Das Aufeinandertreffen mit dem Detective liegt nun etwas mehr als zehn Jahre zurück, und du, Serena, hast bisher ein aufregendes Leben geführt. Nachdem du dein Studium erfolgreich abgeschlossen hattest, zog es dich in die Stadt an der Seine - Paris. Dort hast du dich mitten in die aufregende und wilde Künstlerszene begeben und Verschiedenes ausprobiert. Von einer kurzzeitigen Stelle als Volontärin in einem Kunstmuseum mal abgesehen, hast du versucht dich selbst als Künstlerin zu betätigen. Du hast dich in der Malerei, der Fotografie und der Bildhauerei ausprobiert.
In einer mehrköpfigen Künstler-WG bist du den verrücktesten, aber auch liebenswürdigsten Gestalten über den Weg gelaufen. Du hast das Flair der Stadt regelrecht in dich aufgesogen und dich Hals über Kopf in einen jungen Künstler namens Mathieu verliebt. Mit ihm hast du die Alpen beim Bergsteigen erklommen, hast in der Ewigen Stadt Rom Pizza gegessen oder hast die Wochenenden mit ihm im Bett verbracht. Aber bei ihm sind auch seine Freunde ein- und ausgegangen, es schien, als hätte jedermann einen Schlüssel zu seiner Wohnung. Bis auf den Dachboden, den er sich angemietet hatte, der durfte nur von ihm betreten werden - wie mysteriös. Das gefiel dir.
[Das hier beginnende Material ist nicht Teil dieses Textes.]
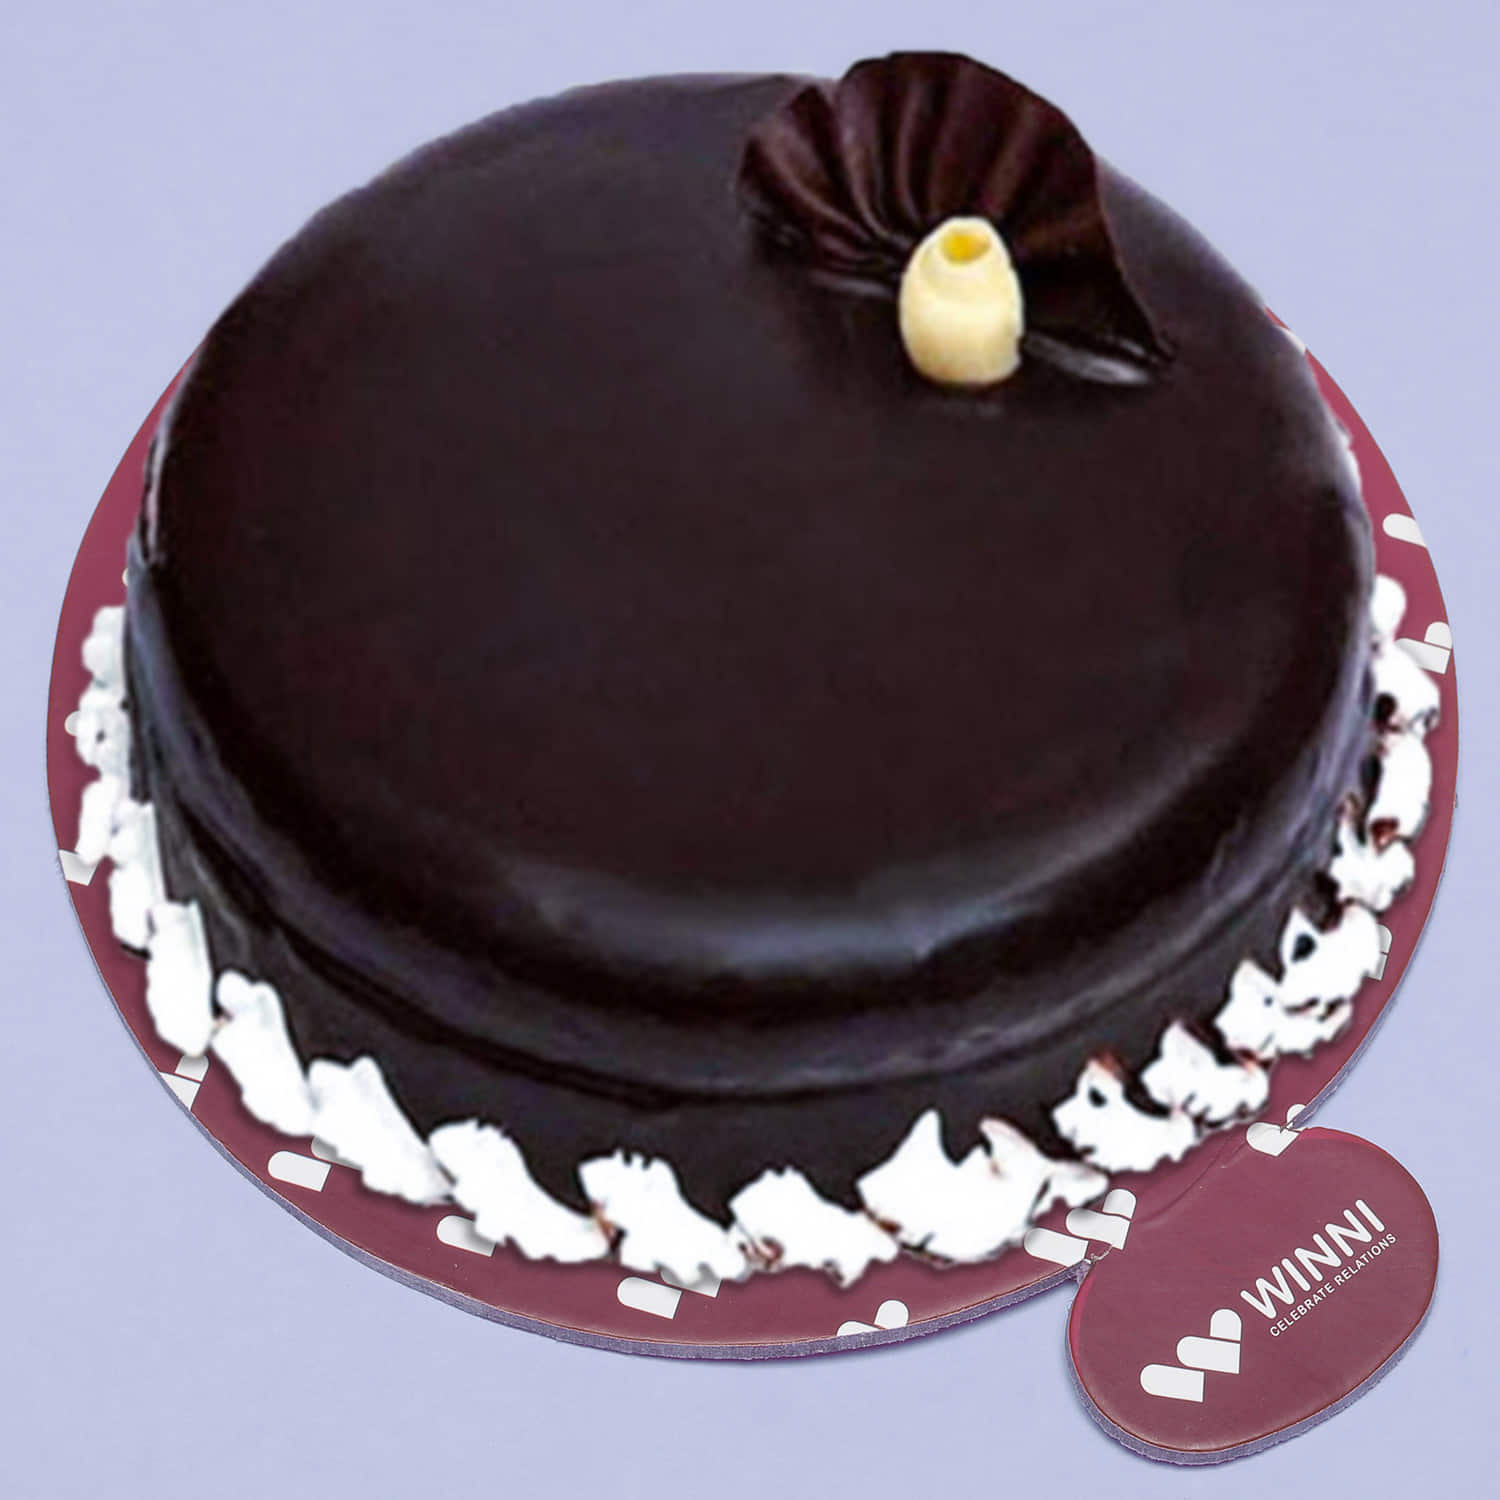 Black Magic Chocolate Cake | Diethood
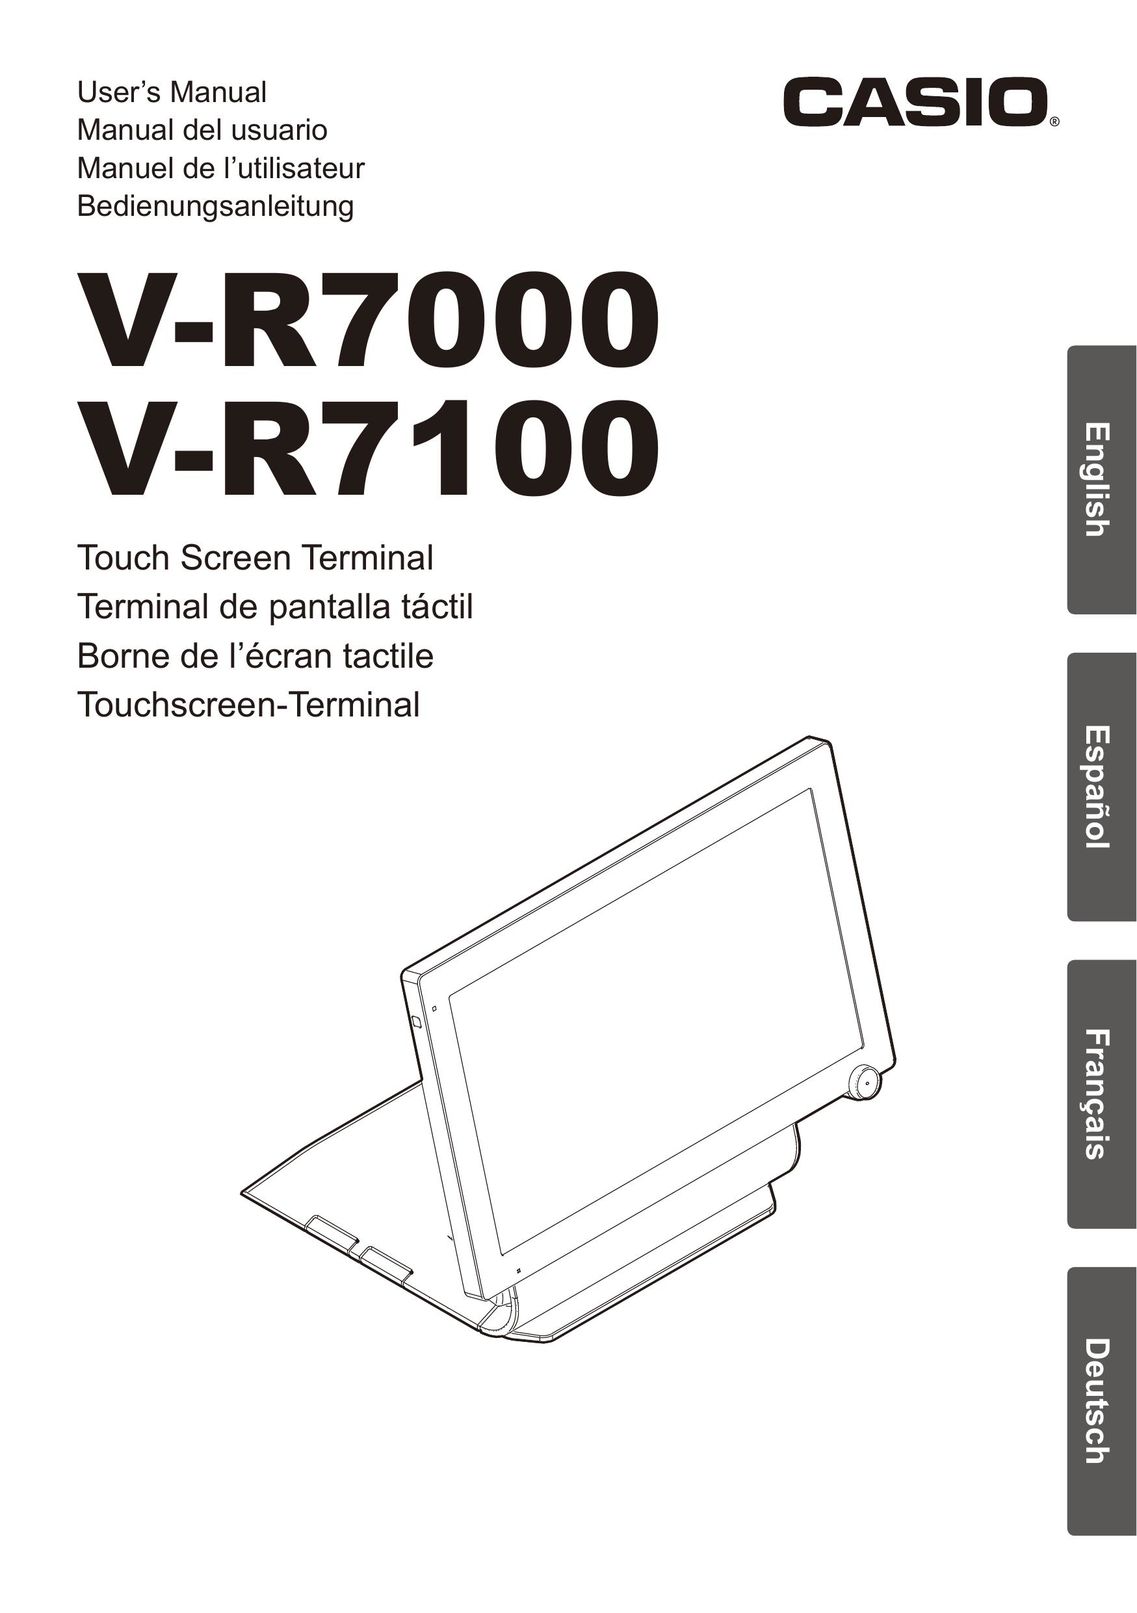 Casio V-R7100 Car Video System User Manual

Es war eine aufregende Zeit und du konntest dich ausleben. Um Geld musstest du dir keine Gedanken machen, denn deine Familie war vermögend, wenn auch nicht superreich. Ein regelmäßiger Besucher deiner Eltern war ein Mann, der ein guter Freund deines Vaters war und die Aura eines Abenteurers besaß. Er hat dir die tollkühnsten Geschichten erzählt und damit auch Flausen in den Kopf gesetzt. Sein Name lautete Henry - wie viele Jahre ist euer letztes Treffen nun schon her?

Nun, jedenfalls hast du dich in Paris auch verlobt. Es schien zum damaligen Zeitpunkt richtig, auch wenn dir erst später Zweifel wegen Mathieus Treue kamen. Und dein Verlobter hatte dir noch mehr vorenthalten, z.B., dass er eigentlich als Kunstfälscher arbeitete und seinen Lebensunterhalt mit schmutzigem Geld verdiente. Das war wahrscheinlich auch der Grund, weshalb er sterben musste. Sein lebloser Körper wurde in der Seine gefunden und als die Nachricht dich ereilte, warst du am Boden zerstört. Paris war mit einem Mal nicht mehr die aufregende und schöne Stadt, sondern du assozierst sie seither mit einem tragischen Verlust. Auch wenn du später erfahren musstest, wer dein Verlobter wirklich war...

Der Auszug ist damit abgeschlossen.